Why would anyone buy a Blu Ray movie for $40 when they could download a DVD quality version for free? And if you're like most people, you like to watch several movies a week on your home entertainment system, and sometimes even a marathon of movies (like the Indiana Jones series).

My problem is that I own all the Indiana Jones movies on VHS. And digital copies on CD. And on DVD. I don't see why I should be asked to go out and shell out another $80 - $120 to buy the set in Blu Ray. Nevermind that I am already planning to see the new movie (Indiana Jones and the Kingdom of the Crystal Skull [sometimes called Indiana Jones and the City of the Gods]).

I think you're starting to see my point. We the consumers have ALREADY paid for these movies. The quality of the image may be slightly less on DVD than it is on Blu Ray, but my TV is crap anyway.

So Blu Ray is really only for those consumers that have large HD flatscreen TVs and want a really high quality image (which they would still get with DVD) and they are willing to pay a small fortune to buy all their favourite movies over again.

The stupid thing however is that these days you could also just subscribe to a movie network on cable or satellite and then you'd get all your movies (in HD) for cheap anyway. Or you could download HD versions of them online.

Blu Ray is not going to do a damn thing to prevent people from downloading movies. The only thing it has done is sparked a boycott online.

If you Google '"blu ray" boycott' there is 214,000 hits, coming from sites like f***, numerous anti-blu ray blog postings and a variety of other websites. People are not happy with the concept. It may have a cool sounding name, but Public Relations wise they've only pissed people off.

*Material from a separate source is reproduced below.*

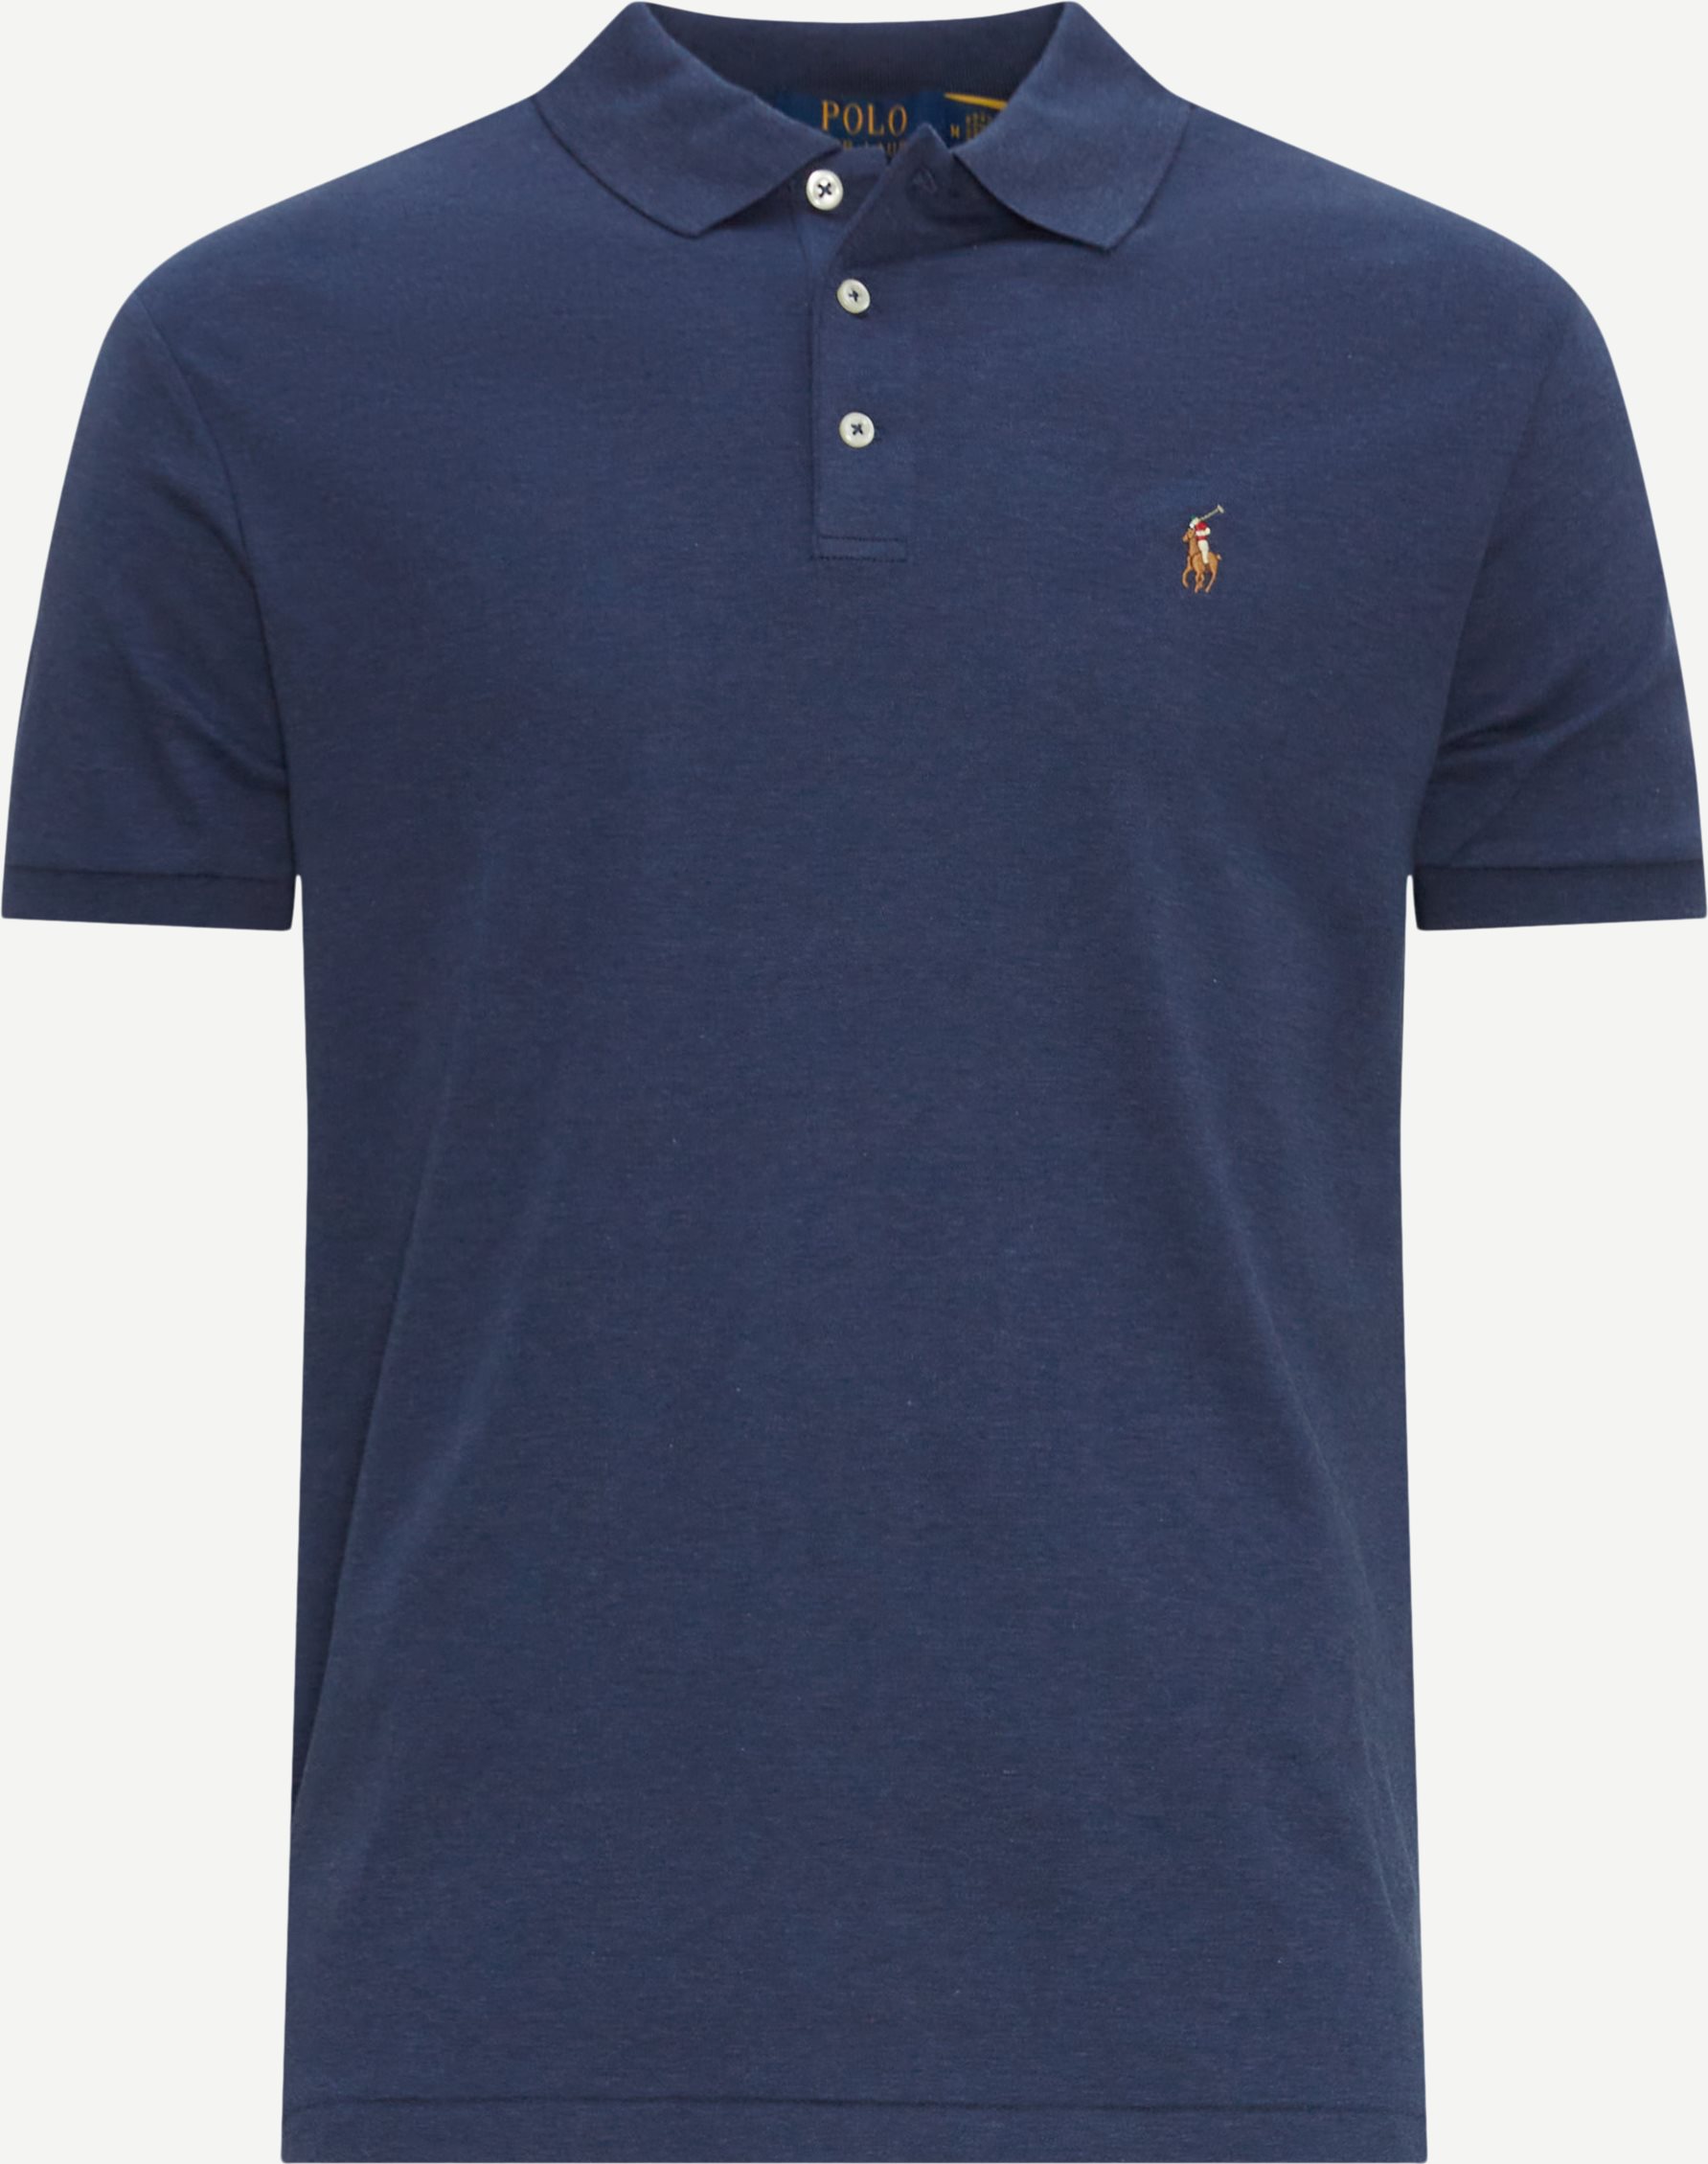 Polo Ralph Lauren T-shirts 710704319/710713130 Blue
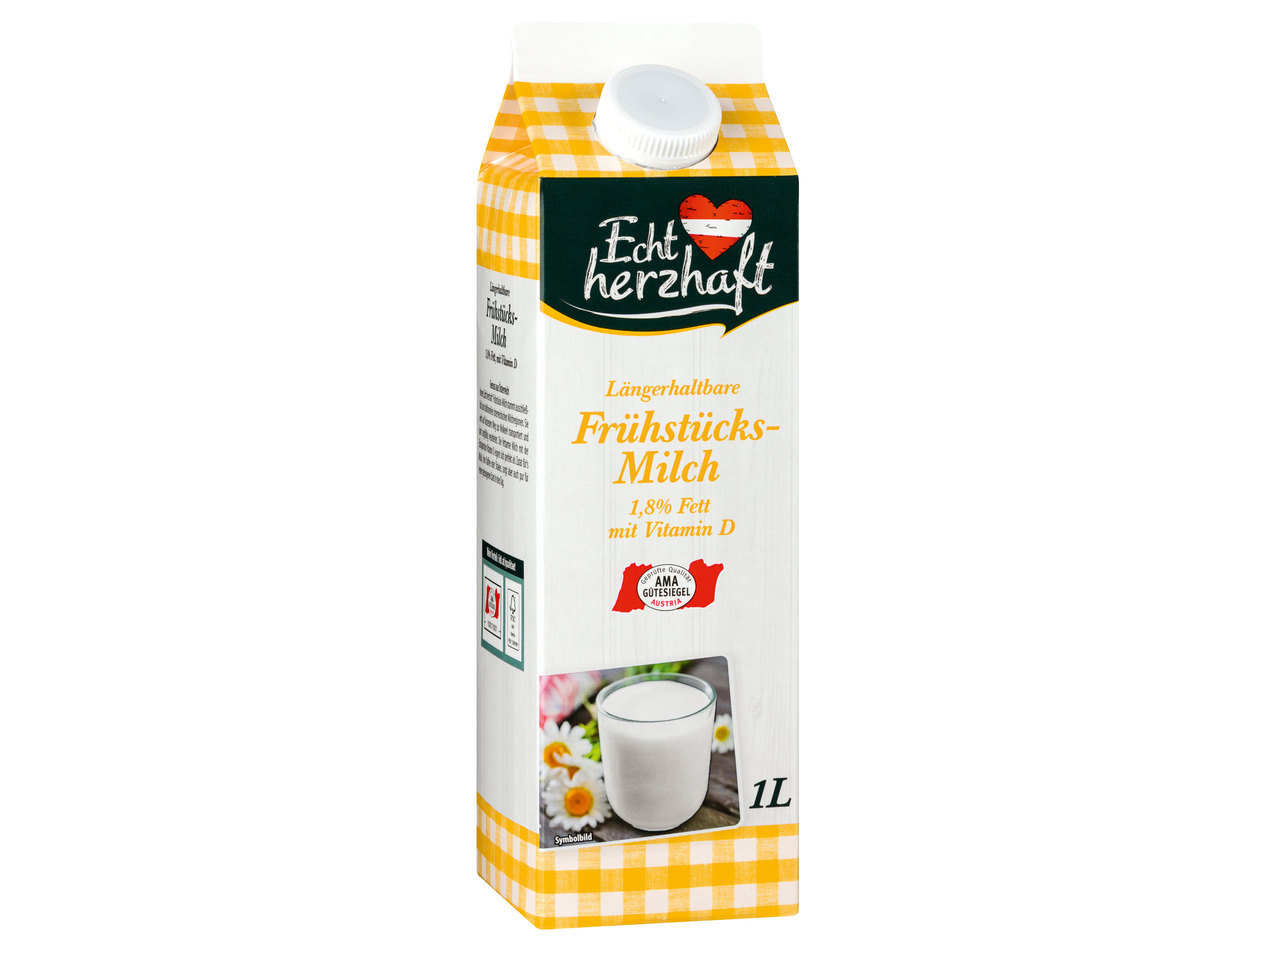 ECHT HERZHAFT Frühstücksmilch 1,8%

Here's what f*** has to say:

Why you should boycott Blu-ray and HD-DVD

It is with great regret that I inform you of the ways in which the movie industry wishes to ruin your enjoyment of high definition movies at home. If you've ever watched HDTV, you know how amazing it is. At 5 times the resolution of normal television, it looks fantastic. And the quality of the movies on a Blu-ray or HD-DVD disc is even better, because of less compression. I want it, and you want it. Right?

Well, there's just one problem. The movie industry assumes you are a criminal, and has added technologies to Blu-ray and HD-DVD that vastly restrict your potential enjoyment of their HD movies. I don't want it, and you don't either. Here's why.

(Note: There are a lot of acronyms on this page, so first, some quick definitions.)

DRM - Digital Restrictions Management - technology to restrict what you can do with media you purchase

AACS - Advanced Access Content System - the DRM infection used for both Blu-ray and HD-DVD

BD+ - an addition to AACS for Blu-ray discs, that provides additional restrictions to what you can do

MMC - Mandatory Managed Copy - a theoretical way for you to make a legal copy of a movie

HDCP - High-bandwith Digital Content Protection - Encryption of data over digital connections

HDMI - High Definition Multimedia Interface - A digital connection found on most new HDTV's, all HDCP compliant

DVI - Digital Visual Interface - Precursor to HDMI, found on many older HDTV's. However, many DVI connections are not HDCP compliant, making them worthless for Blu-ray and HD-DVD.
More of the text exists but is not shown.